К подъезду «Астории» один за другим подъехали три таксомотора. Ватага крупных молодых мужчин, брюхастых и развязных, с трудом выбралась из них, перекидываясь шуточками и громко радуясь, что путешествие закончено. Говорили они по-немецки и, наверное, прилетели в Питер на самолете. Фризе было хорошо знакомо чувство облегчения и радости после того, как полет закончен.

Он не любил летать.

Немцы расплатились, подхватили свои громоздкие сумки и, продолжая веселый треп, исчезли в подъезде.

«Пока они там оформляются, я успею сгонять в “Прибалтийскую”», — решил Владимир.

Он сел в освободившееся такси.

— Куда ехать? — не очень дружелюбно поинтересовался шофер.

— В «Прибалтийскую».

— Пятьдесят.

Обычно Фризе не прощал хамства. Если уж не срезал зарвавшегося водилу острым словцом — а это у него всегда получалось эффектно и доходчиво, — то уж, по крайней мере, интересовался, не сломался ли счетчик. Но сумма, названная водителем, по московским меркам выглядела смешной. В столице без ста тысяч нельзя было доехать от Большого театра до «Метрополя».

Встреча в лесу

Извилистая тропинка среди высоких сосен то подходила совсем близко к обрыву, под которым текла река Оредеж, то, будто убоявшись высоты, пряталась в глубине леса. А потом, набравшись мужества, снова нависала над кручей.

Этот берег местные жители называли Красным.
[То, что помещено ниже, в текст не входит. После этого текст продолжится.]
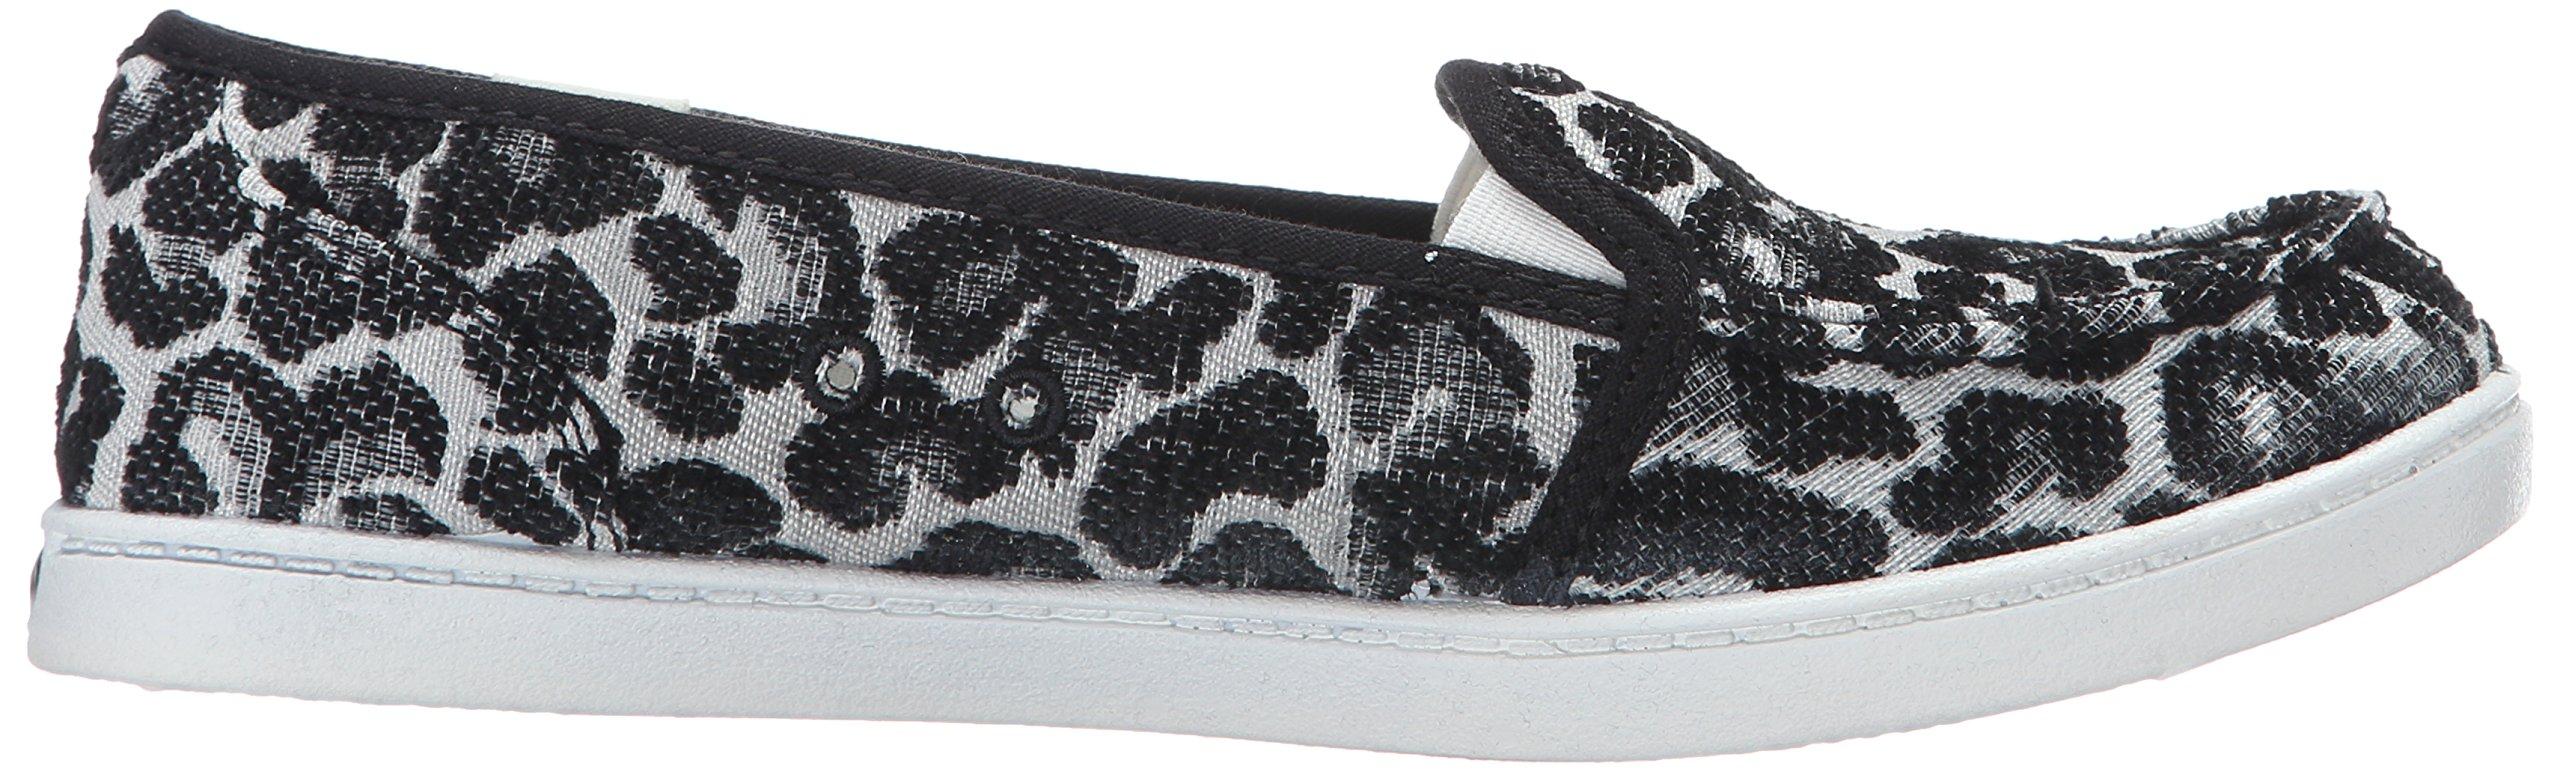 Roxy Women's Lido Iii Slip-on Shoes Flat, Black/Black/Dark Grey, 7 M US by Roxy (Image #7)
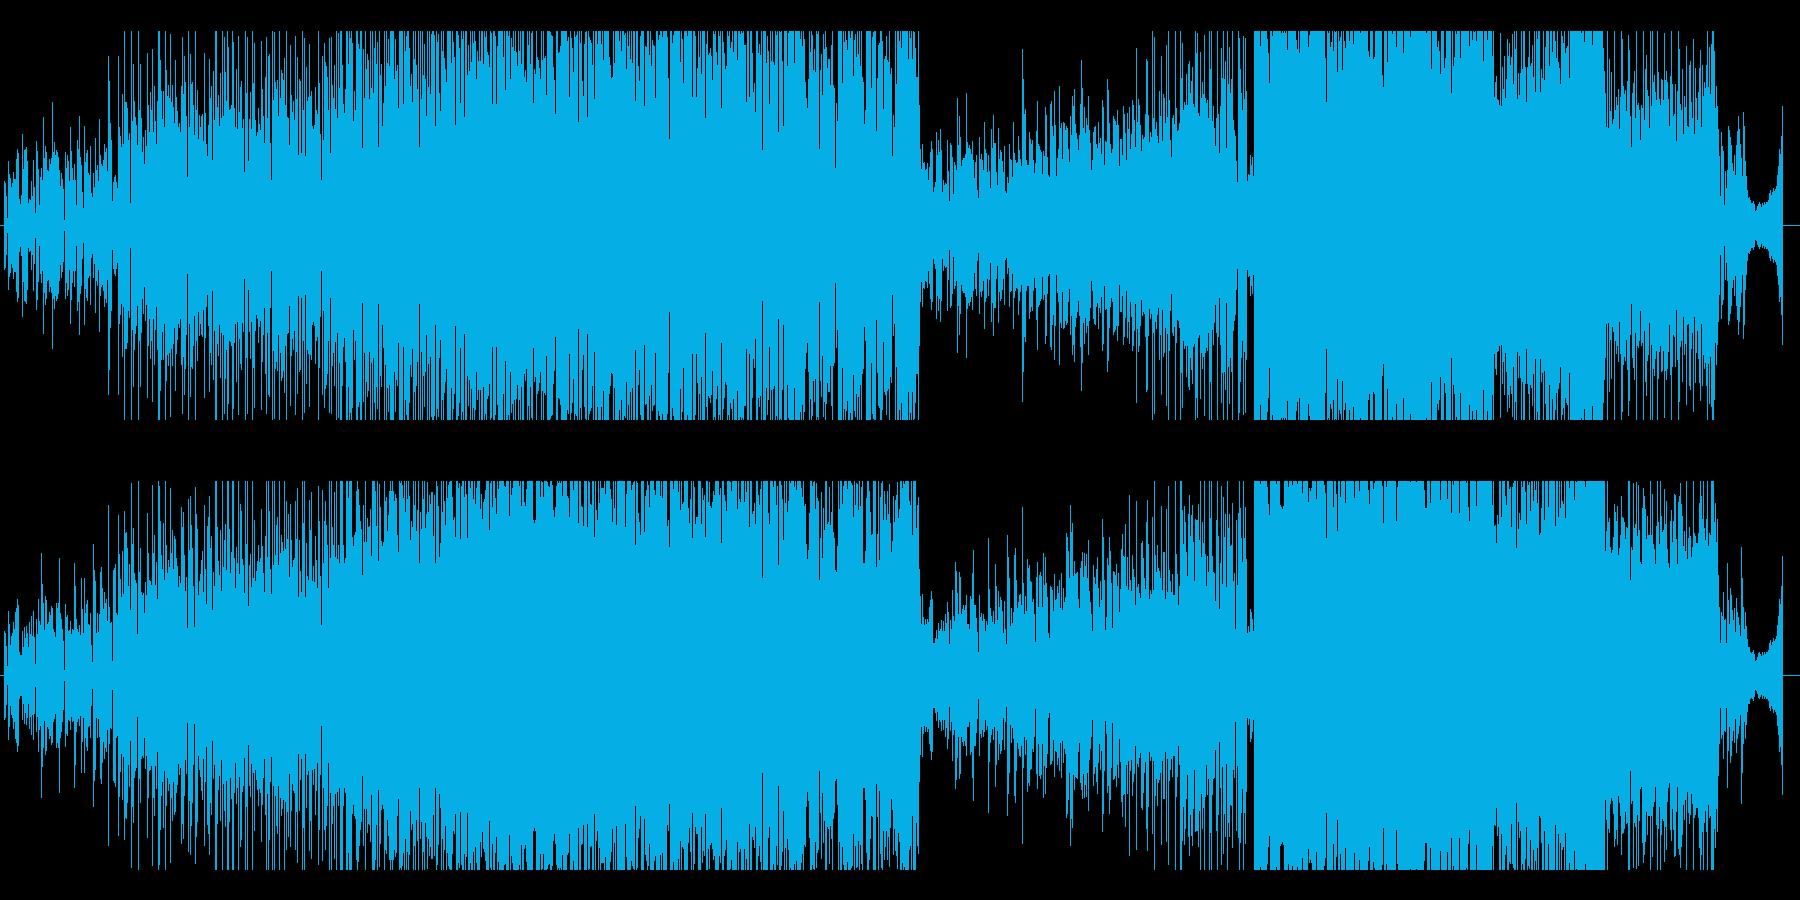 ポップで明るく可愛いフューチャーベース曲の再生済みの波形

В десятиметровом разломе красного песчаника, нависшем над рекой, гнездились береговые ласточки. Это было единственное место в округе, которое — по мнению Корнилова — представляло интерес для спелеологов. Здесь могли быть пещеры.

Он медленно шел по мягкой тропе, время от времени спускаясь по осыпям к воде. Внимательно разглядывая берег, удивляясь, что люди до сих пор не разорили его, не срыли бульдозерами для того, чтобы засыпать песком какое-нибудь не менее прекрасное болото.

Никаких намеков на пещеры, только ласточкины гнезда.

Выбираться наверх было нелегко — песок уплывал из-под ног, корни, за которые Корнилов хватался, то и дело обрывались. Он с досадой подумал о том, что отяжелел за последние годы. Слава богу, еще не нажил себе одышку!

Какая-то птица с шумом сорвалась с сосны рядом с ним. И тут же он услышал недовольный голос:

— Леший бы тебя побрал, мужик! Не мог на полчаса дольше поспать!

Из кустов вышел пожилой плотный мужчина с длинным удилищем в руке, зеленая офицерская рубашка расстегнута, через плечо брезентовая сумка.

— Вы еще удить не начали, а уже ругаетесь! — миролюбиво сказал генерал.

— Будешь ругаться! Все лето искал совку-сплюшку, голос хочу записать. Сегодня наконец повезло — а тут вы на прогулку выкатились. — Только сейчас Корнилов заметил, что на конце удилища прикреплен маленький микрофон. И от него вьется провод.

— Так вы голоса птиц записываете? Извините, что вспугнул певичку. Да ведь, наверное, прилетит еще?

— Прилетит, как же! — мужчина насупился и стал отцеплять от удилища микрофон, сматывать провода.

— Вы местный? — спросил Игорь Васильевич.

— С Батова.

— А у меня дача здесь недалеко.

— Знаю. Вы у Амельяновых дом купили. Генерал Корнилов. Почти как Лавр Георгиевич.

— И правда, — Игорь Васильевич подивился осведомленности мужчины. Подумал: «Живу тут, как бирюк, а небось все про меня знают. И этот ловец птичьих голосов! Хорош гусь. Накричал на генерала и радуется. Глаза хитрющие. Даже про Лавра Корнилова наслышан. Я вот его отчества и не помнил. А он знает. Может, учитель?»

Мужчина сложил свою амуницию в сумку, одним ловким ударом превратил длинное и пружинистое углепластиковое удилище в обыкновенную тросточку.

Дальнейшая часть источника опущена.